Emine Altın da bugün İstanbul Üniversitesi Hukuk Fakültesinde okuyamayan, eğitim hakkı engellenen bir öğrenci. 2019 yılı üniversite sınavında derece yaparak 719. oldu. Fakat iki yıldır İzmir Şakran Cezaevinde tutuklu olduğu için eğitim hakkı engelleniyor. Sınavlara girmesine izin verilmiyor. Cumhurbaşkanlığı İletişim Merkezinden (CİMER) 7 Ocak 2020’de gelen en son cevaba göre Altın ‘toplum güvenliğini tehlikeye atabilir’ diye sınavlara alınmıyor.

26 Şubat 2020 Çarşamba

Üniversite sınavında derece yaptı ancak ‘terörist’ iftirasıyla eğitim hakkını elinden aldılar

26 Şubat 2020 
Hukuk fakültesini derece yaparak kazanan tutuklu öğrenci Emine Altın’ın sınavlara girmesine izin verilmiyor. CİMER’in gerekçesi: “Toplumun güvenliğini tehlikeye düşürebilir!”



İzmir Şakran Cezaevinde 14 Şubat 2018’den bu yana tutuklu bulunan Emine Altın, 2019 üniversiteye giriş sınavında derece yaptığı halde okumasına izin verilmiyor. Cemaat soruşturmaları kapsamında tutuklanan Altın İstanbul Üniversitesi Hukuk Fakültesi sınavlarına giremiyor.

Cumhurbaşkanlığı İletişim Merkezi ile (CİMER) 4-5 kez yazışma yapan aileye 7 Ocak 2020’de gelen en son cevaba göre Altın ‘toplum güvenliğini tehlikeye atabilir’ diye sınavlara alınmıyor.

Cevapta şöyle deniliyor: “Ceza infaz kurumu düzeni ile toplum güvenliğini tehlikeye düşürebileceği, terör örgütü veya diğer suç örgütü üyelerinin örgütsel amaçlı faaliyet ve haberleşmelerine imkân sağlayabileceği, yol, kalınacak ceza infaz kurumu ya da sınav merkezi veya okulda güvenlik açısından sakınca bulunabileceği değerlendirildiği takdirde Cumhuriyet Başsavcılığınca sınırlama…”
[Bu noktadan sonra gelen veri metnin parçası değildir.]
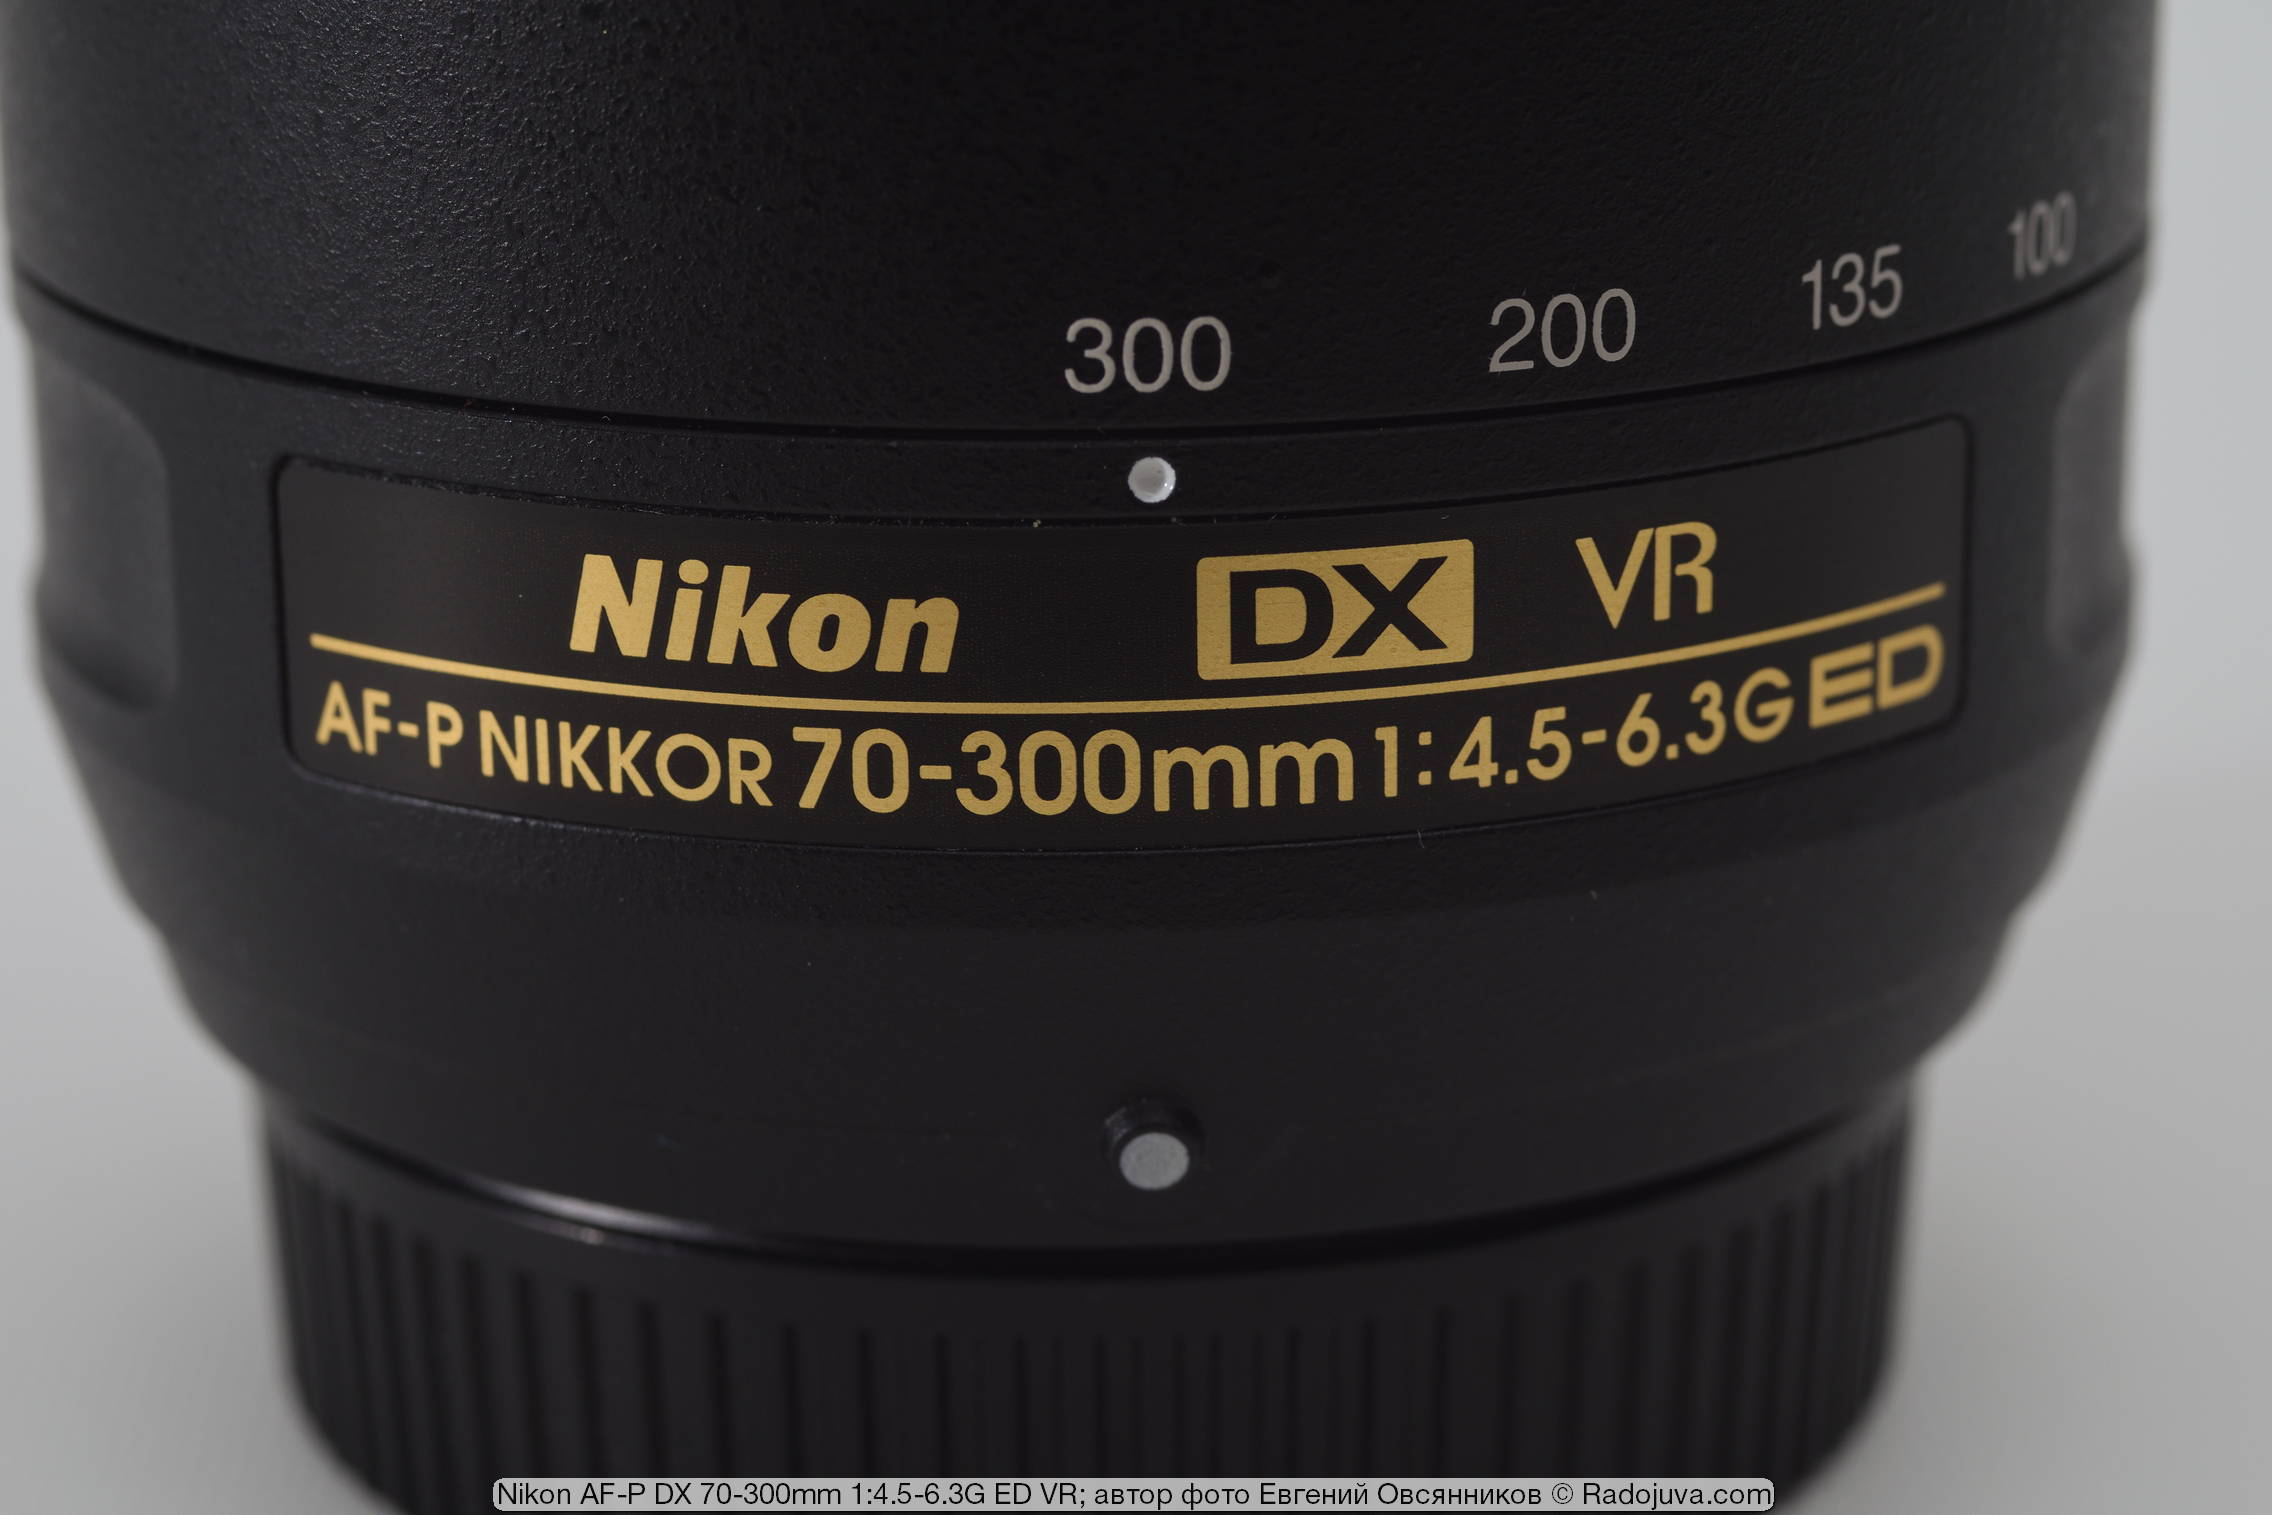 Nikon AF-P DX Nikkor 70-300mm 1:4.5-6.3G ED VR. Обзор от читателя Радоживы  | Радожива
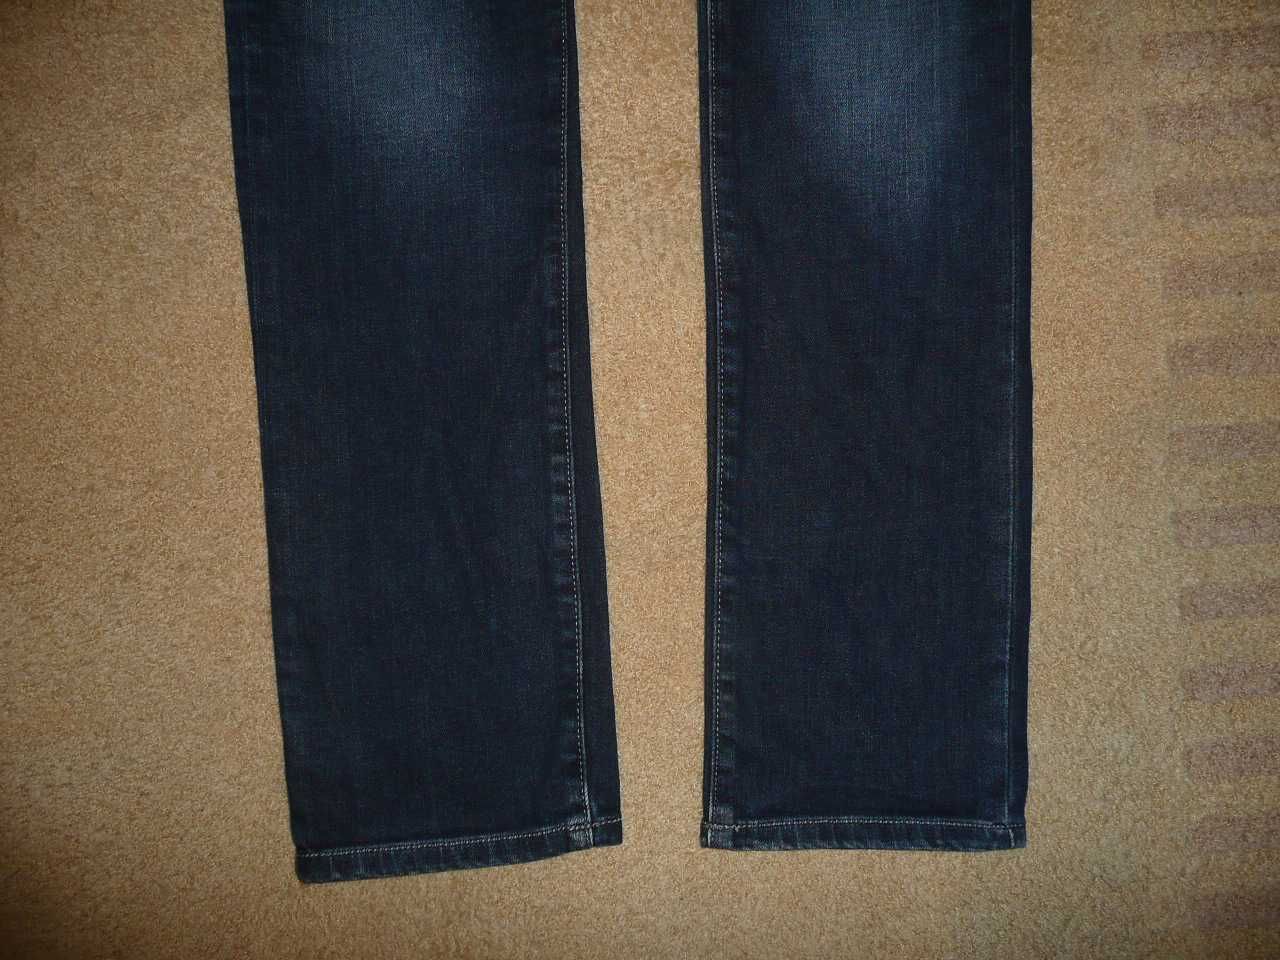 Spodnie dżinsy BIG STAR W32/L34=43,5/111cm jeansy

BEBEĞİNİ KAYBETTİ, TUTUKLANDI, EŞİ İLE GÖRÜŞTÜRÜLMEDİ

Anayasa’nın 42. maddesinde yer alan “Kimse eğitim öğrenim hakkından yoksun bırakılamaz” hükmü hiçe sayılarak eğitim hakkı elinden alınan Emine Altın’ın annesi Fadime Mersin, yaşanan hukuksuzluğa tepki gösterdi.

Mersin, “Tutuklu olanların okumasına müsaade eden okullar arasında İstanbul Üniversitesi olduğu için bu hukuk fakültesine kayıt yaptırdık. Şimdi sınavlara girmesine izin vermiyorlar. Kızınız terörle yargılanıyor, öğrencilere zarar verir. Mesuliyet alamayız. Burada okutamayız diyorlar. İlk başta devlet izin verirse, masrafları da siz karşılarsınız sınavlara girebilir demişlerdi. Şimdi devlet evlet izin vermiyor diyorlar. Madem okumasına izin verilmeyecekti neden sınava girmesine izin verildi. Hem sevindik hem de sevincimiz kursağımızda kaldı” dedi.

Kayıt sürecinde de çok uğraştıklarını belirten Mersin, “Vekalet için cezaevi ile noter arasında gidip geldik. İki ay son dakikaya kadar uğraştırdılar. Onu halledince bu sefer okul ile sorumuz başladı. Okul ilk önce önce sınavı kazanıp sonra içeri girseydiniz sizi kabul edebiliriz ama içerideyken kazandığınız için kaydınızı alamıyoruz dediler. Derslerine girmediğiniz için sınavlara kabul edemiyoruz dediler. Türkiye’de sadece 5 üniversitede dışarıdan eğitim almak özgürlüğüne sahipsiniz. Bunlardan biri de İstanbul Üniversitesi. O zaman bu ibareyi kullanmasınlar.” ifadelerini kullandı.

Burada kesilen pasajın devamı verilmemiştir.